### Activity
All that belongs in the answer is the lines from the one containing "Download exclusive addons" to the end of the listing below, copied exactly, pictures excluded.

### Collected data
========

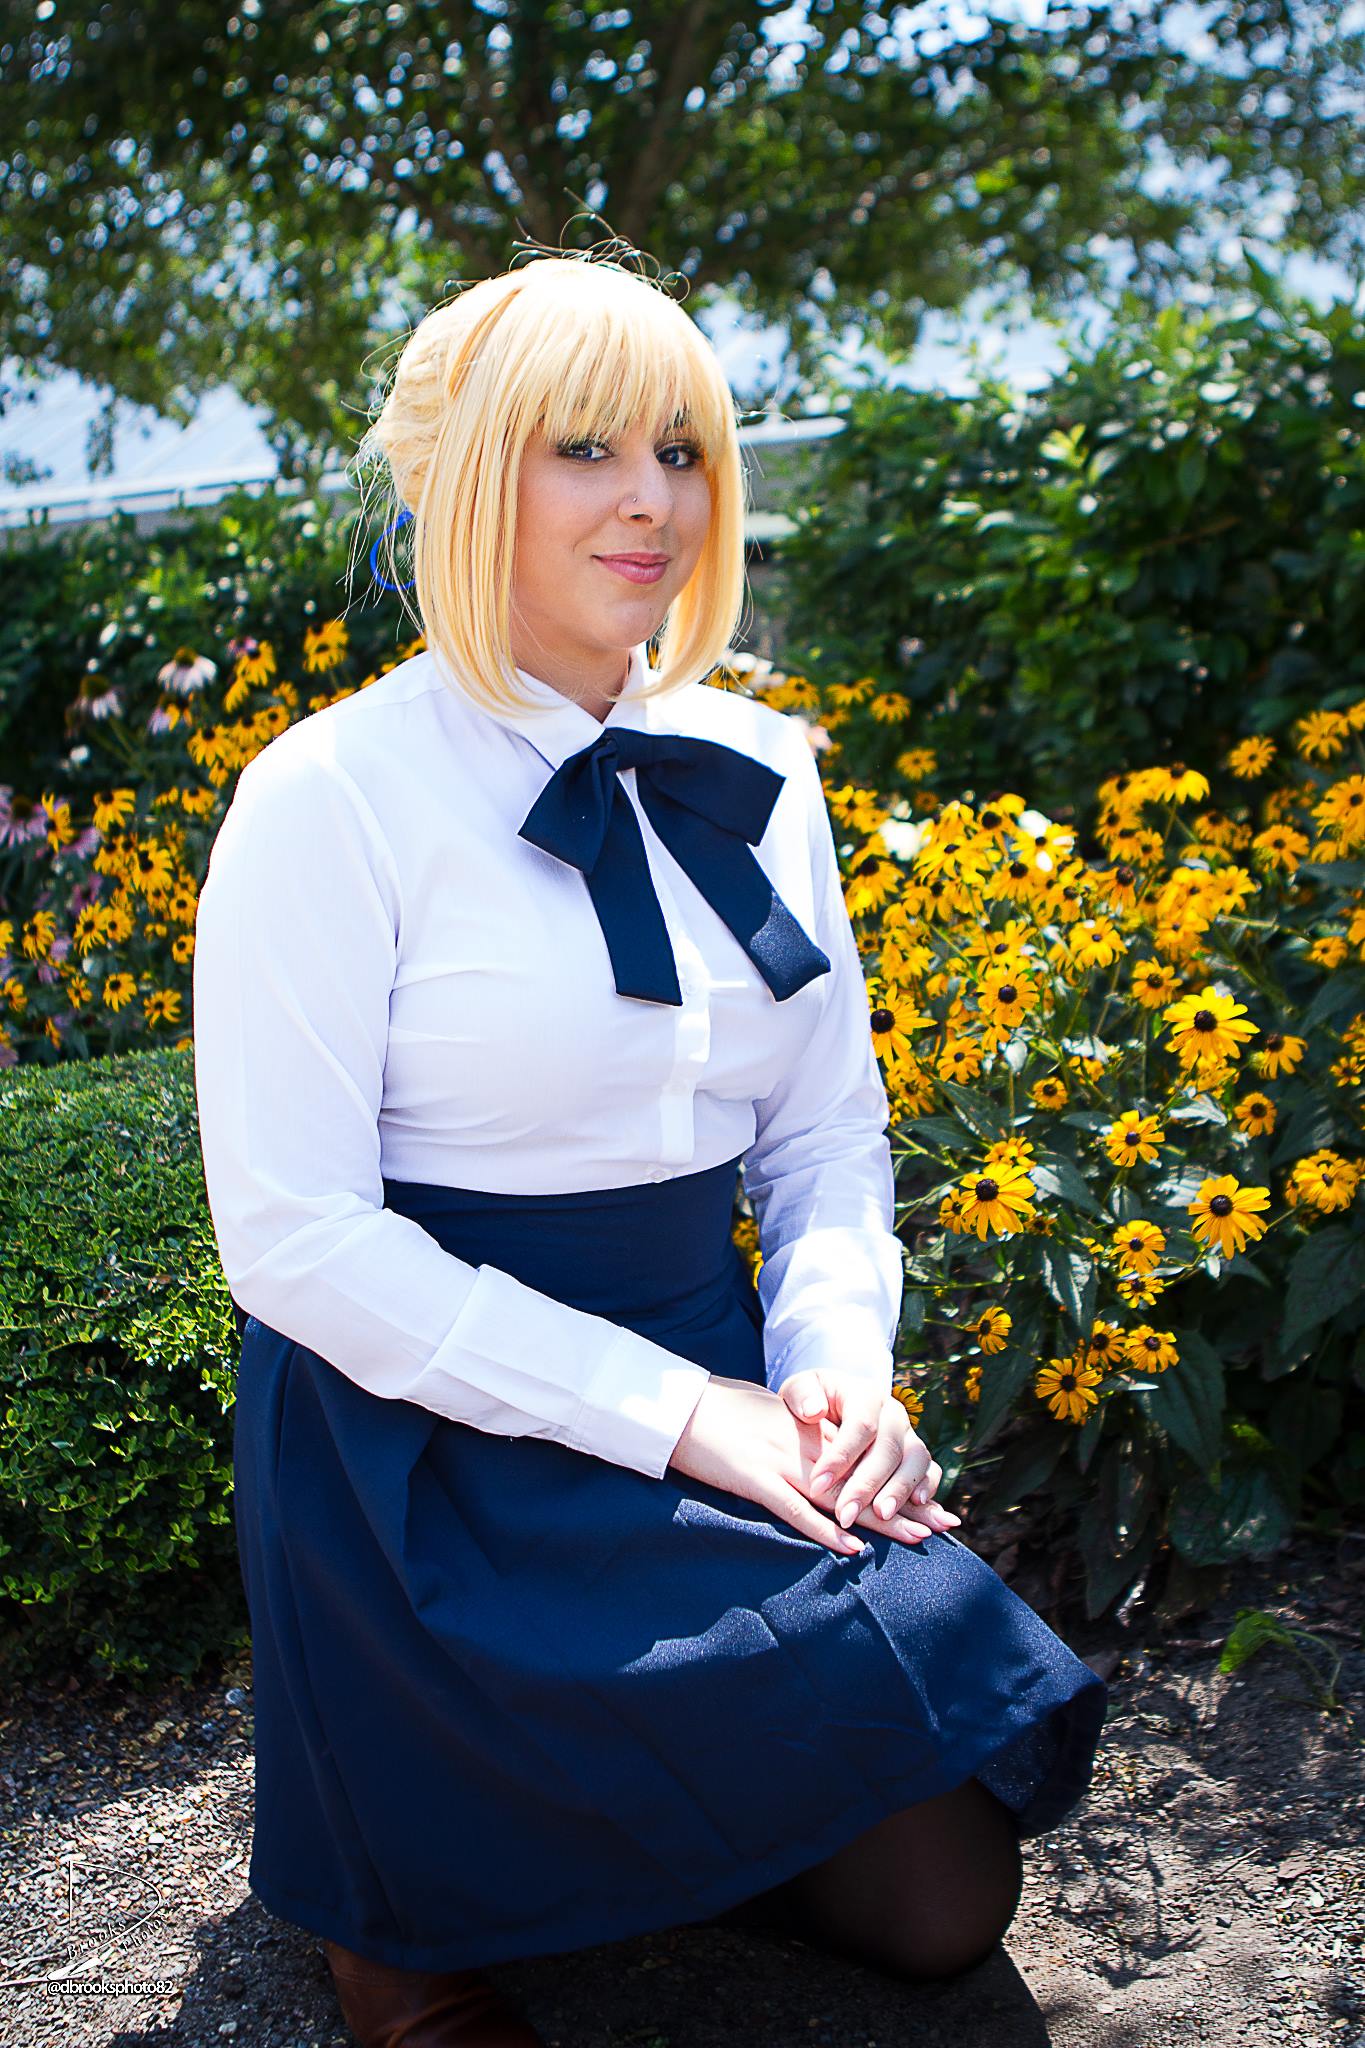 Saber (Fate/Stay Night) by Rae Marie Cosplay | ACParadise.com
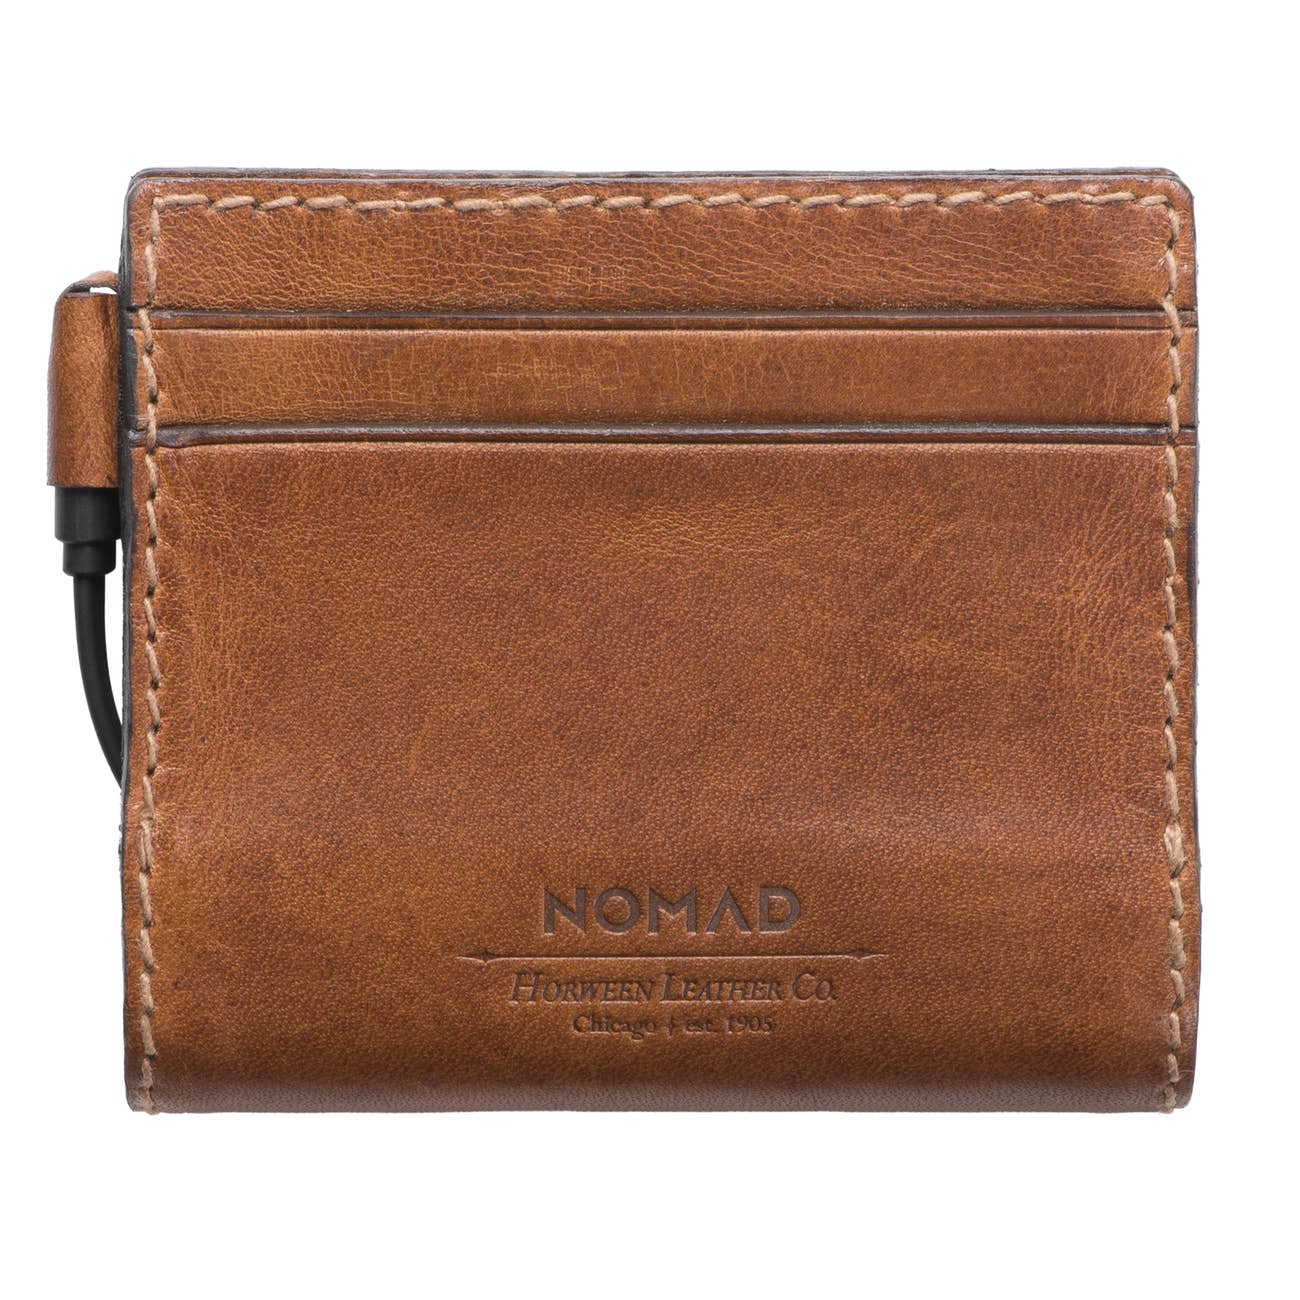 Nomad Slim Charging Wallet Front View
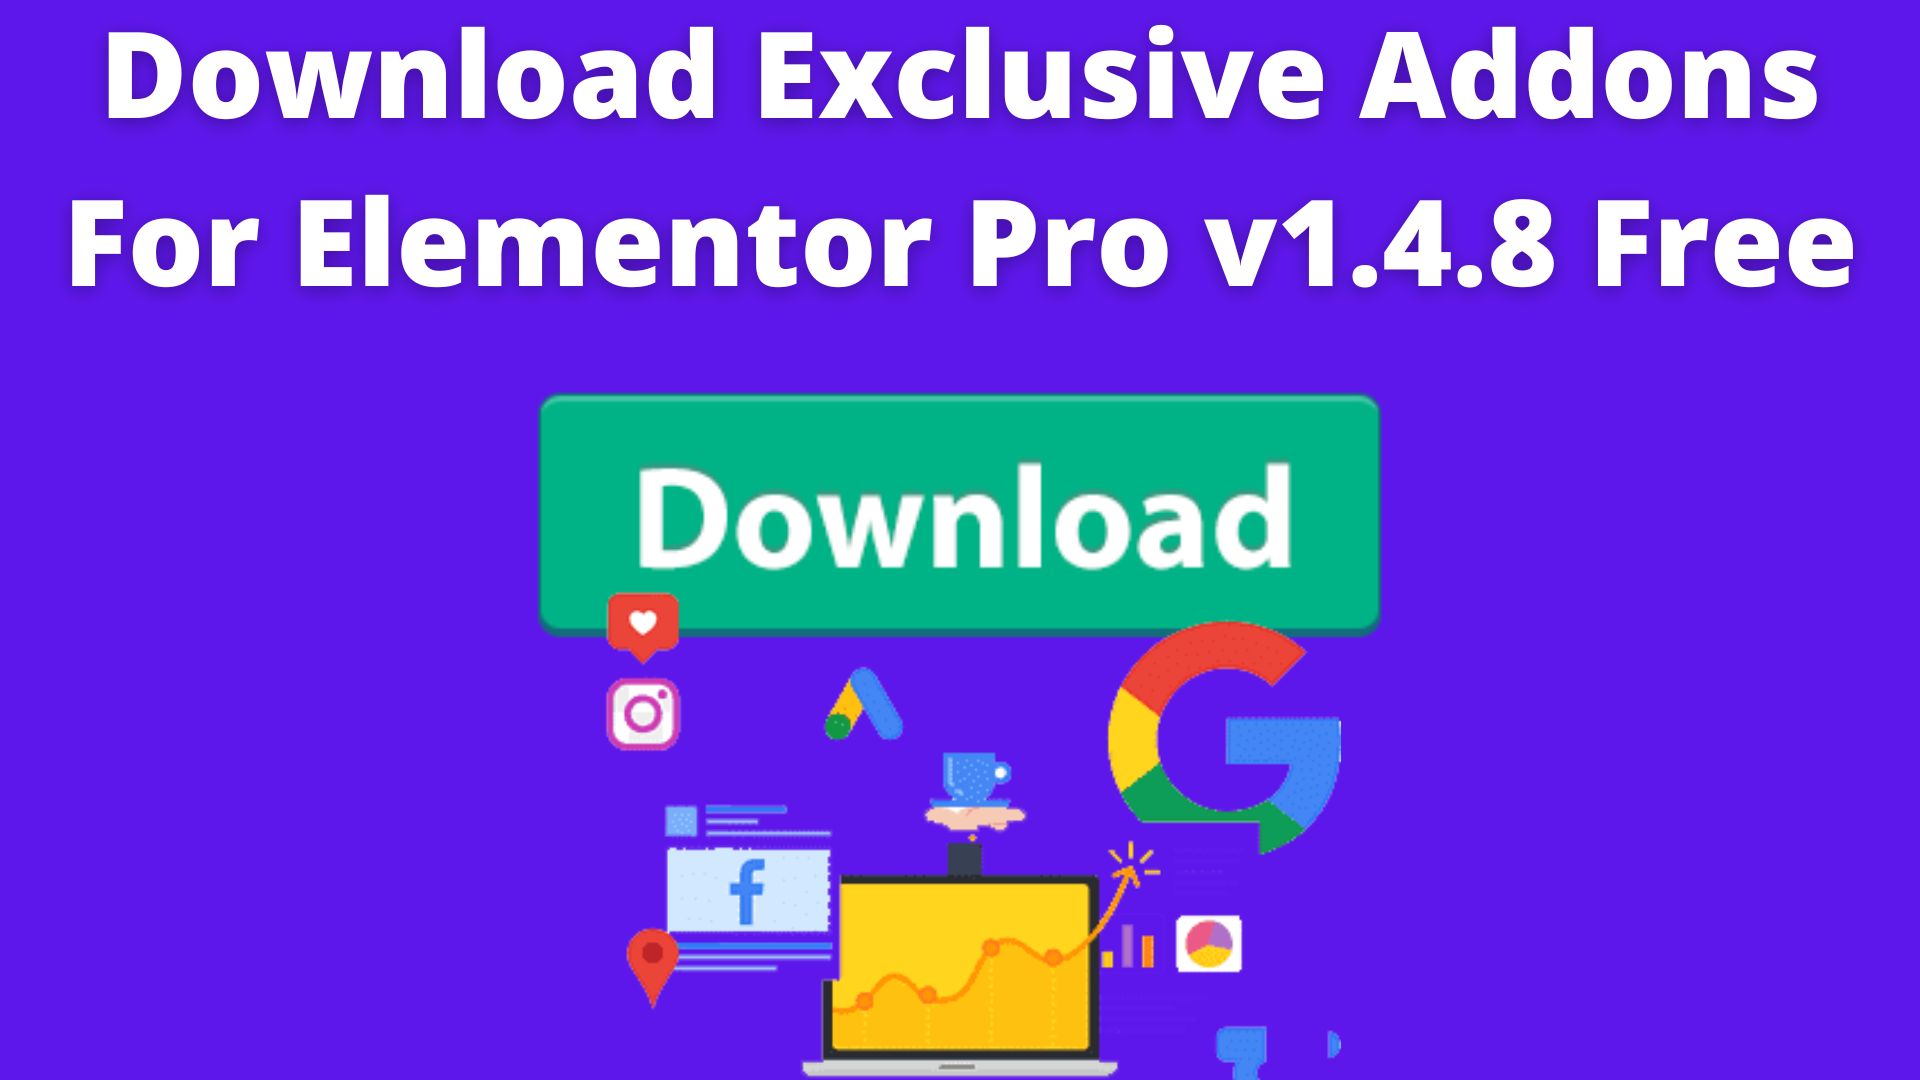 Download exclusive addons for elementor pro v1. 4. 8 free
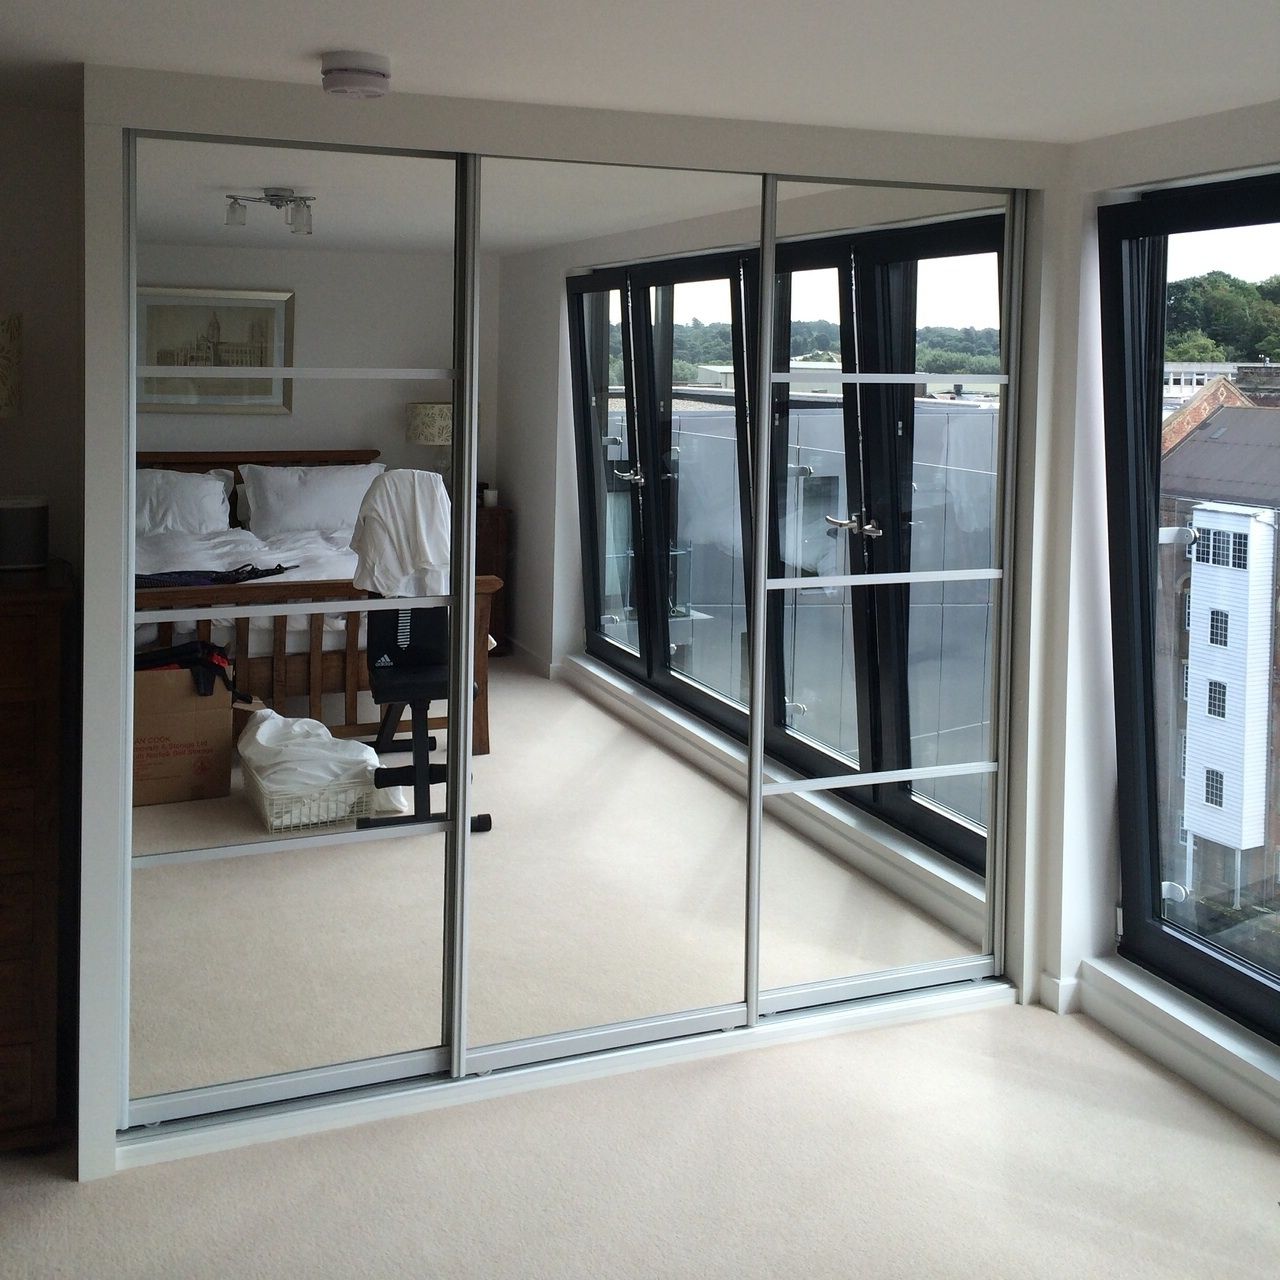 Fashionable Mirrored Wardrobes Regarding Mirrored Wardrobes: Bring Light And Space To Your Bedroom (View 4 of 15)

========

### Reply to the exercise
 Download exclusive addons for elementor pro v1. 4. 8 free
 Fashionable Mirrored Wardrobes Regarding Mirrored Wardrobes: Bring Light And Space To Your Bedroom (View 4 of 15)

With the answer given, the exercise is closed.